I’m not gonna give up any spoilers, though I am gonna reiterate what I said when I reviewed Land of Shadows: get this book and read it.

The protagonist, Elouise Norton—or Lou—still has an apparently philandering husband, who she has forgiven yet again. She’s still stuck with a cowboy partner who really doesn’t get her. And she has friends who, while they got her back, maybe nag at her a little too much—mostly about said philandering husband. And it doesn’t help that one of those friends is also a reporter who tries to get Lou to give up details she’s not at liberty to divulge.

Just another day at the office for our intrepid detective (yes, I went there).

But there are differences. Lou’s husband, Greg, is showing signs of jealousy. For some reason, he feels threatened by her partner. Of course, my thought when I read scenes where he’s razzing her for this working relationship was He seems to me to be protesting a bit too much.
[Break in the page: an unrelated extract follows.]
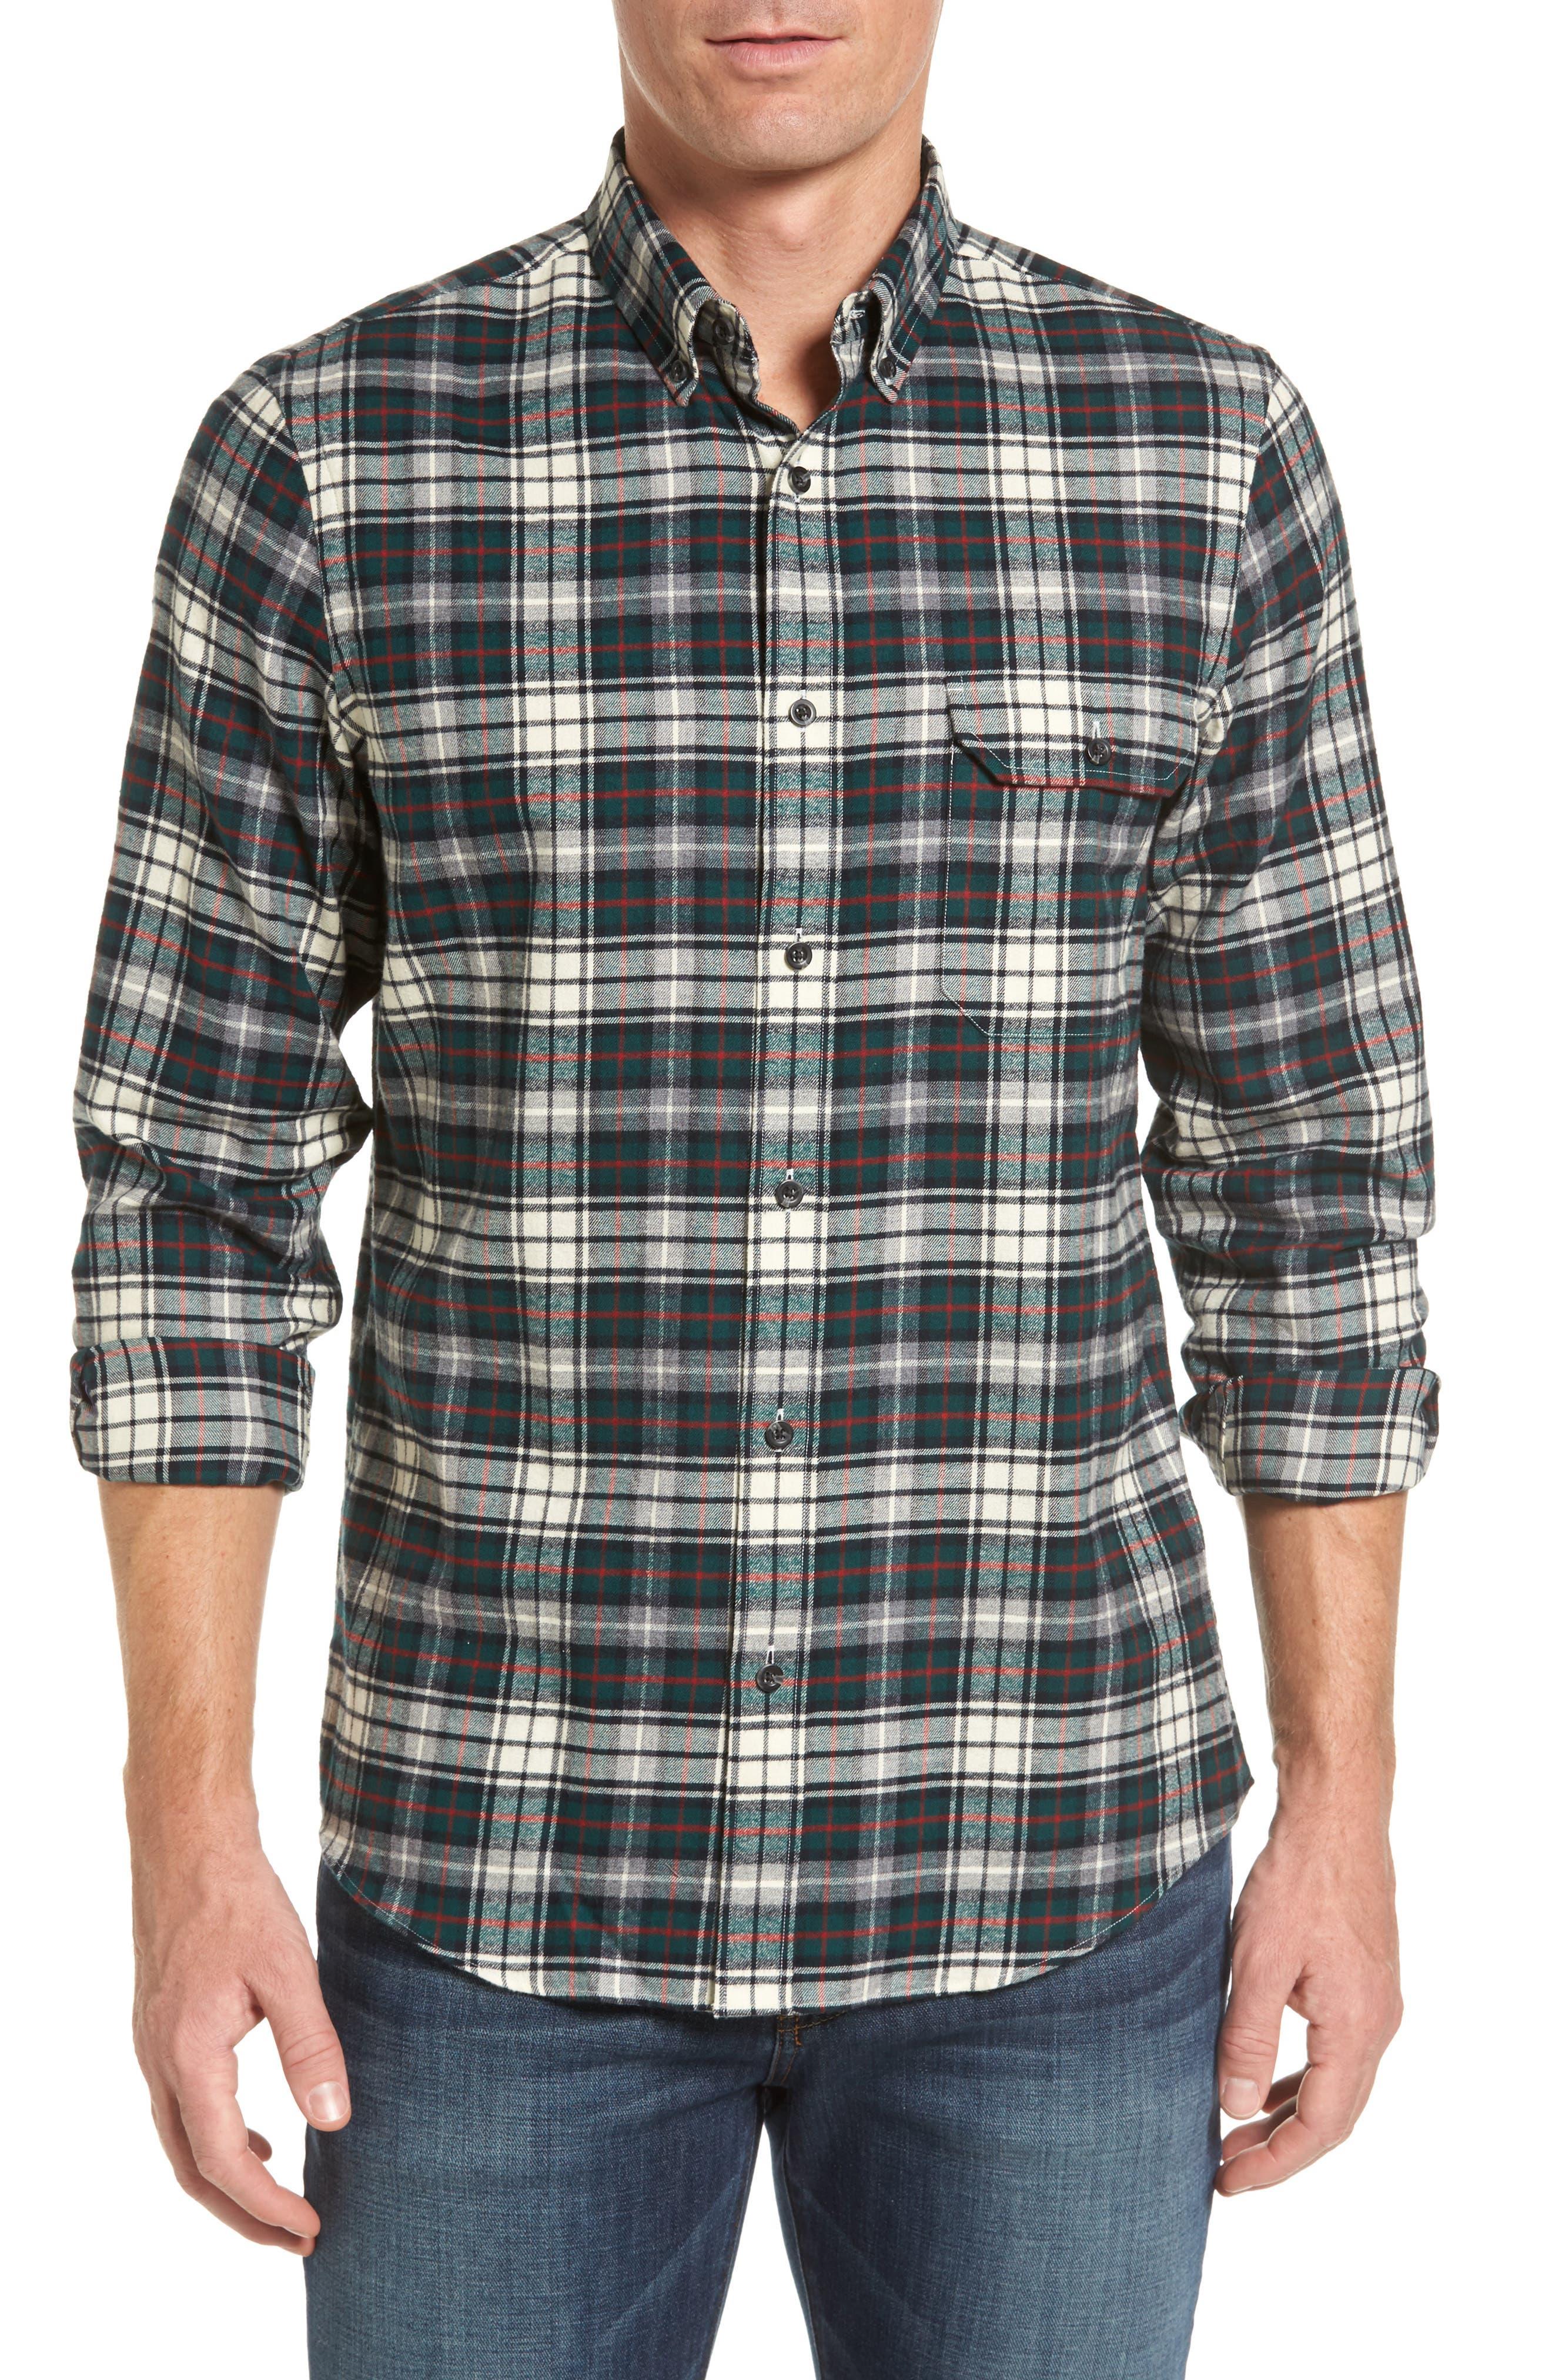 Nordstrom Men's Shop Regular Fit Plaid Sport Shirt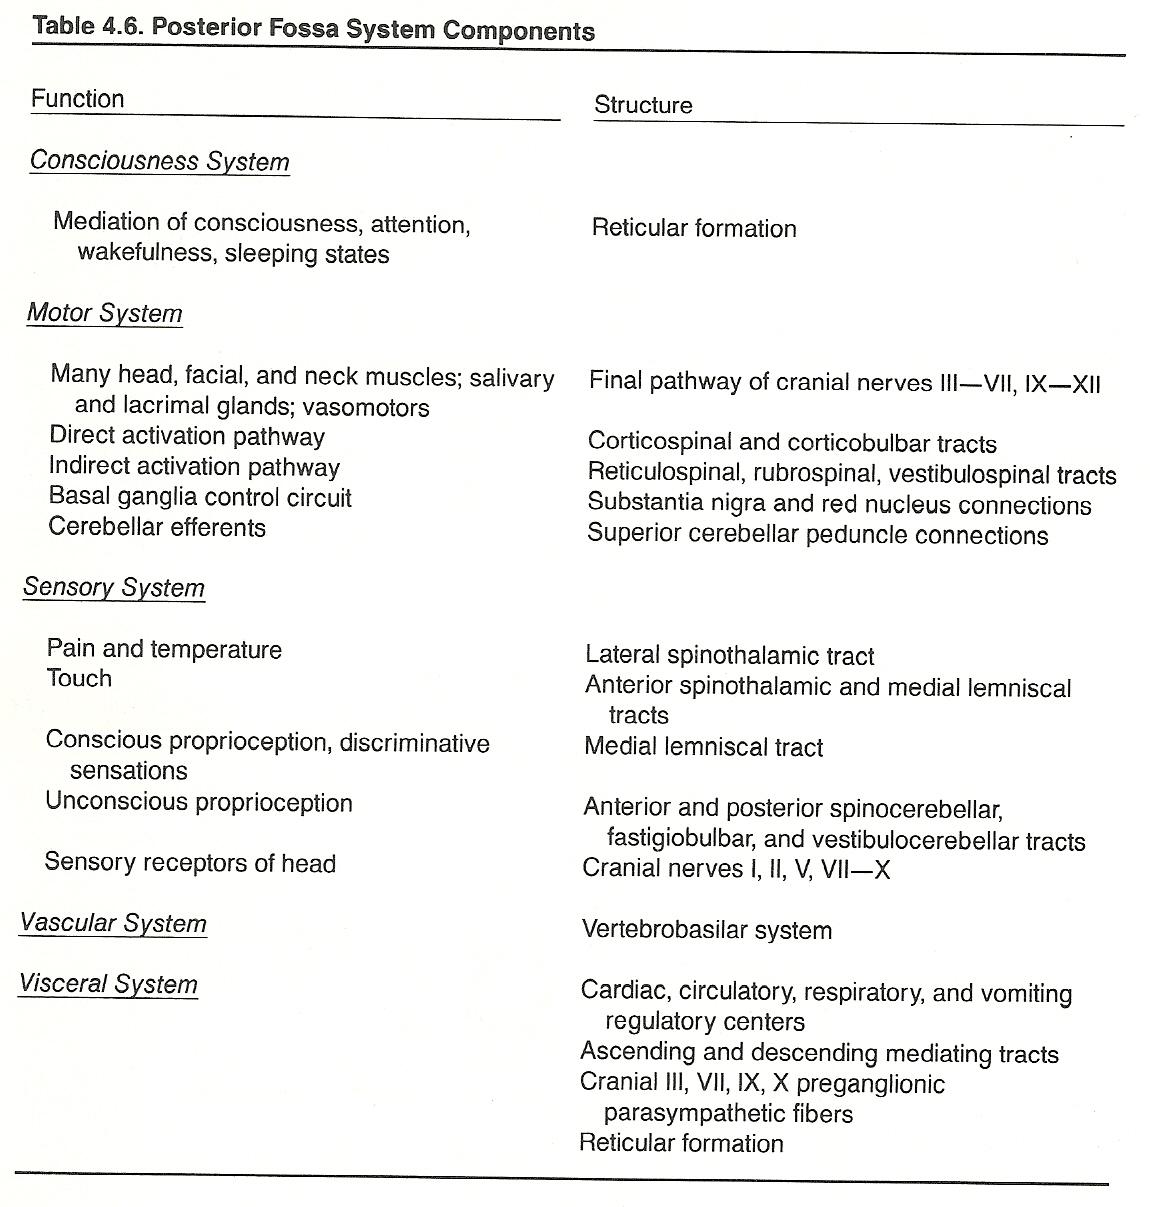 brain stem lesion symptoms CHAPTER 4. THE HORIZONTAL NEUROLOGIC LEVELS

And there is a man she’s attracted to, though he’s best friends with the husband in the case and may well know things he’s not telling her.

land of shadowsOn top of that, her colleagues suspect perhaps her domestic troubles are prejudicing her on this case, making her suspect the husband when it’s pretty obvious he’s too grief-stricken to be the murderer.

Especially when the evidence for murder is circumstantial, at best.

But Lou is, if nothing else, determined to get the bottom of this case, and the more layers she strips away, the stranger it all becomes. Maybe the murder isn’t as sexy at the outset as in the first novel, but this case works at you in others ways, worms its way into you consciousness until you have no choice but follow it all the way through. Which I did in about two days.

Ms. Hall does what I love most in a mystery: she makes the case have an effect on the main character. Just as Michael Connelly does with Harry Bosch and Robert Crais does with Elvis Cole, the ramifications change their lives, make the cases more than just another day at work for them. There are things in the case that parallel their personal lives in some way, and there are aspects of their jobs that they can’t leave in the office. These stories go far beyond mere mysteries or police procedurals. We get to see the humans behind the cases, and we come to care for them and empathize with the effects that witnessing humanity at its worse can have on the investigators.

They’re not getting through these things unscathed.

And that makes us love these people, makes us root for them as we never would for Sherlock Holmes. We want Sherlock to solve the case. But we want Harry and Elvis and Lou to triumph, not just over the case, but over the problems in their lives as well. And because they often fail—just as we do—we root for them that much more.

Ms. Hall steps outside the boundaries of the genre with these books, and that makes me a fan, not just a reader.

I only have one problem: Ms. Hall, if you’re reading this, where’s the next one?